Bioconductor version '3.15'

  * 1 packages out-of-date
  * 0 packages too new

create a valid installation with

  BiocManager::install("igraph", update = TRUE, ask = FALSE)

more details: BiocManager::valid()$too_new, BiocManager::valid()$out_of_date

Warning message:
1 packages out-of-date; 0 packages too new
PeteHaitch commented 2 years ago

Hmm, nothing obviously wrong there. I suspect it might be due to a problem with your ExperimentHub installation (ExperimentHub is the underlying package responsible for data downloading and caching). Let's try accessing that resource directory from ExperimentHub; what does this code return on your machine:

eh <- ExperimentHub(ask = FALSE)
#> snapshotDate(): 2022-04-26
#> ExperimentHub with 1 record
#> # snapshotDate(): 2022-04-26
#> # names(): EH2674
#> # package(): scRNAseq
#> # $dataprovider: ArrayExpress
#> # $species: Mus musculus
#> # $rdataclass: matrix
#> # $rdatadateadded: 2019-07-01
#> # $title: Lun 416B plus spike-in counts
#> # $description: Count matrix for the Lun 416B (plus spike-ins) single-cell R...
#> # $taxonomyid: 10090
#> # $genome: mm10
#> # $sourcetype: TSV
#> # $sourceurl:
#> # $sourcesize: NA
#> # $tags: c("ExperimentHub", "ExperimentData", "ExpressionData",
#> #   "SequencingData", "RNASeqData") 
#> # retrieve record with 'object[["EH2674"]]'
#> see ?scRNAseq and browseVignettes('scRNAseq') for documentation
#> loading from cache
#>  int [1:46703, 1:192] 0 0 0 0 0 0 0 0 0 0 ...
#>  - attr(*, "dimnames")=List of 2
#>   ..$ : chr [1:46703] "ENSMUSG00000102693" "ENSMUSG00000064842" "ENSMUSG00000051951" "ENSMUSG00000102851" ...
#>   ..$ : chr [1:192] "SLX-9555.N701_S502.C89V9ANXX.s_1.r_1" "SLX-9555.N701_S503.C89V9ANXX.s_1.r_1" "SLX-9555.N701_S504.C89V9ANXX.s_1.r_1" "SLX-9555.N701_S505.C89V9ANXX.s_1.r_1" ...

Created on 2022-07-21 by the reprex package (v2.0.1)

MAmin99m commented 2 years ago

I think you're right because after removing the contents of.cache/R/ExperimentHub I can use LunSpikeInData() without any problem.
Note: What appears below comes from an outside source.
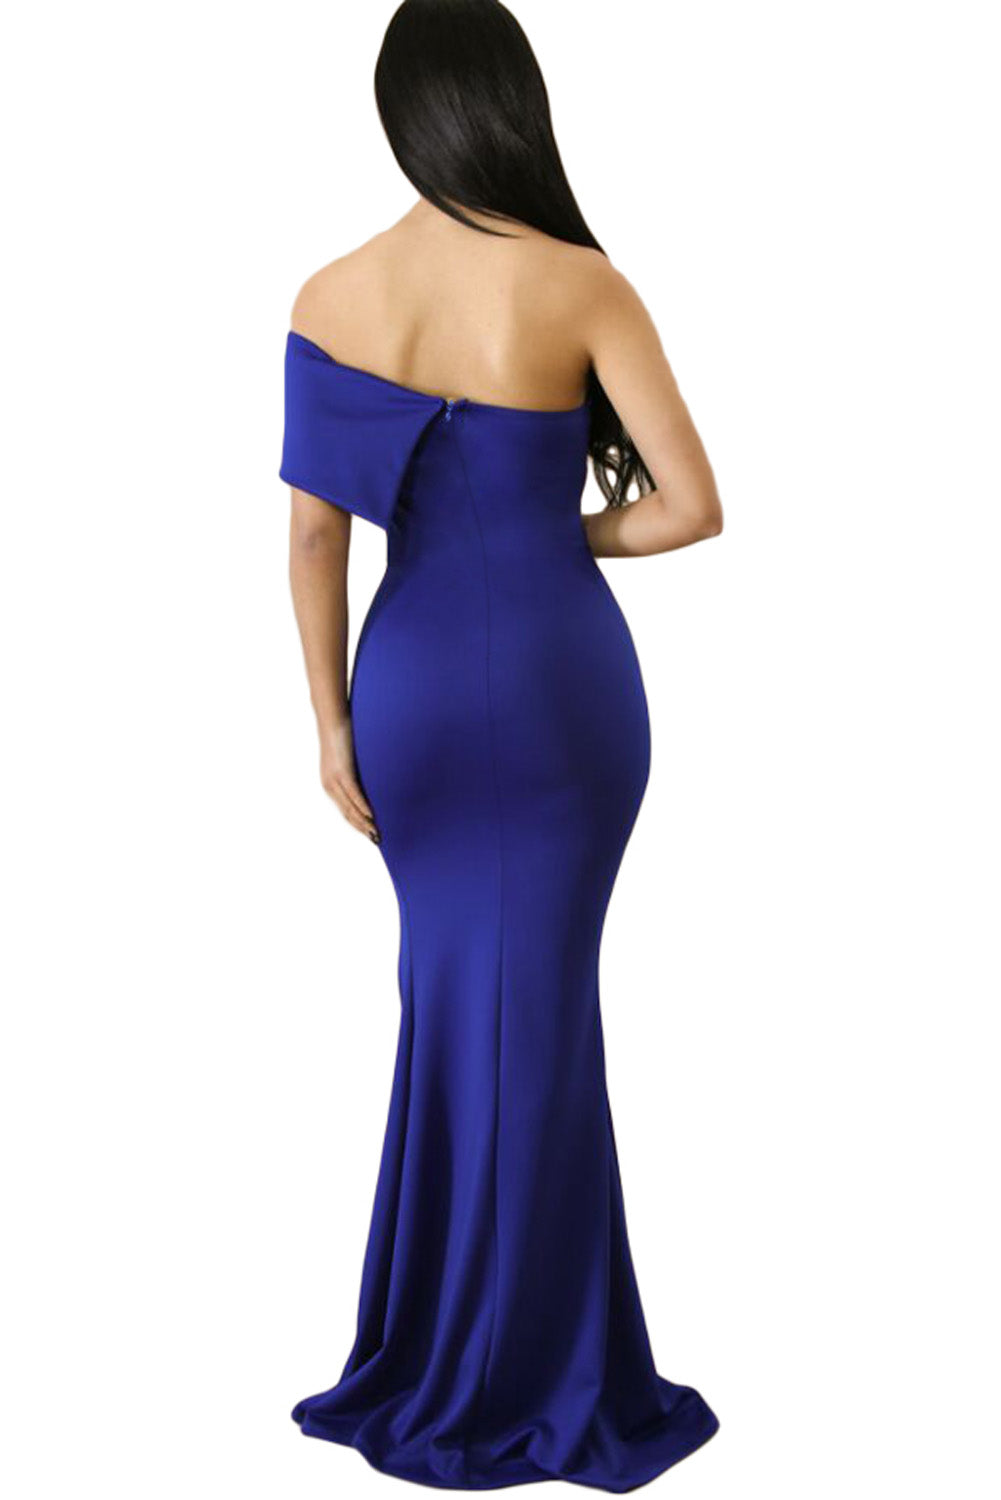 Blue Off The Shoulder One Sleeve Slit Maxi Party Prom Dress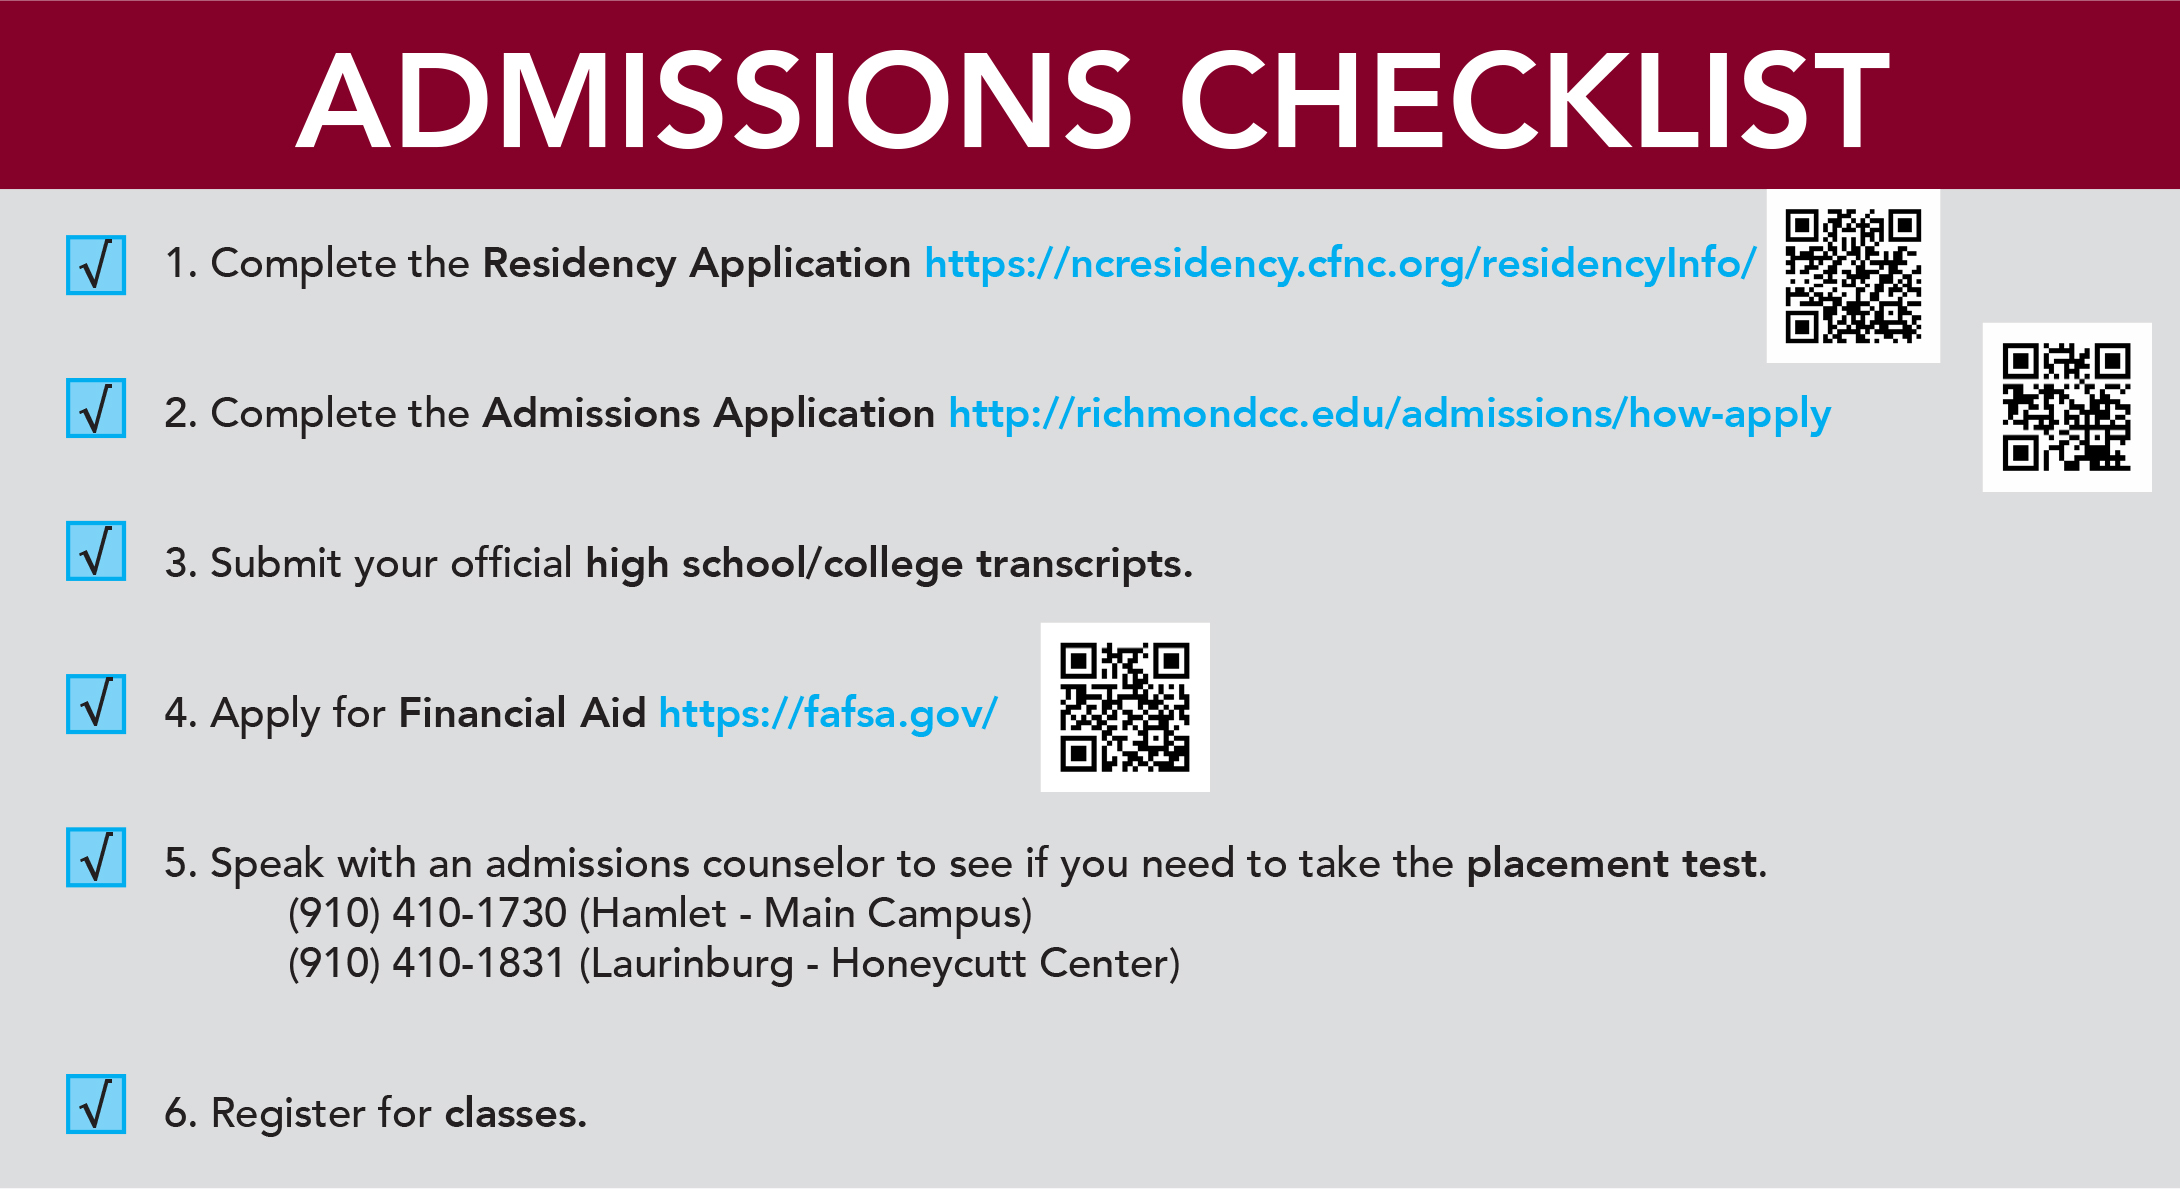 Checklist for the registration day on July 18

Thanks for your help, Peter.

> suppressPackageStartupMessages(library(ExperimentHub))
> eh <- ExperimentHub(ask = FALSE)
snapshotDate(): 2022-04-26
> #> snapshotDate(): 2022-04-26
> eh["EH2674"]
ExperimentHub with 1 record
# snapshotDate(): 2022-04-26
# names(): EH2674
# package(): scRNAseq
# $dataprovider: ArrayExpress
# $species: Mus musculus
# $rdataclass: matrix
# $rdatadateadded: 2019-07-01
# $title: Lun 416B plus spike-in counts
# $description: Count matrix for the Lun 416B (plus spike-ins) single-cell RNA-seq dataset
# $taxonomyid: 10090
# $genome: mm10
# $sourcetype: TSV
# $sourceurl:
# $sourcesize: NA
# $tags: c("ExperimentHub", "ExperimentData", "ExpressionData", "SequencingData",
#   "RNASeqData") 
# retrieve record with 'object[["EH2674"]]' 
> str(eh[["EH2674"]])
see ?scRNAseq and browseVignettes('scRNAseq') for documentation
loading from cache
 int [1:46703, 1:192] 0 0 0 0 0 0 0 0 0 0 ...
 - attr(*, "dimnames")=List of 2
  ..$ : chr [1:46703] "ENSMUSG00000102693" "ENSMUSG00000064842" "ENSMUSG00000051951" "ENSMUSG00000102851" ...
  ..$ : chr [1:192] "SLX-9555.N701_S502.C89V9ANXX.s_1.r_1" "SLX-9555.N701_S503.C89V9ANXX.s_1.r_1" "SLX-9555.N701_S504.C89V9ANXX.s_1.r_1" "SLX-9555.N701_S505.C89V9ANXX.s_1.r_1" ...
PeteHaitch commented 2 years ago

Great, happy to help @mamalek99

LTLA commented 2 years ago

FYI you can force re-download of potentially corrupted cache elements with

ehub <- ExperimentHub()
ehub[["EH2674", force=TRUE]]

Assumes that the sqlite file itself is not corrupted, in which case nuking the entire directory is the only way.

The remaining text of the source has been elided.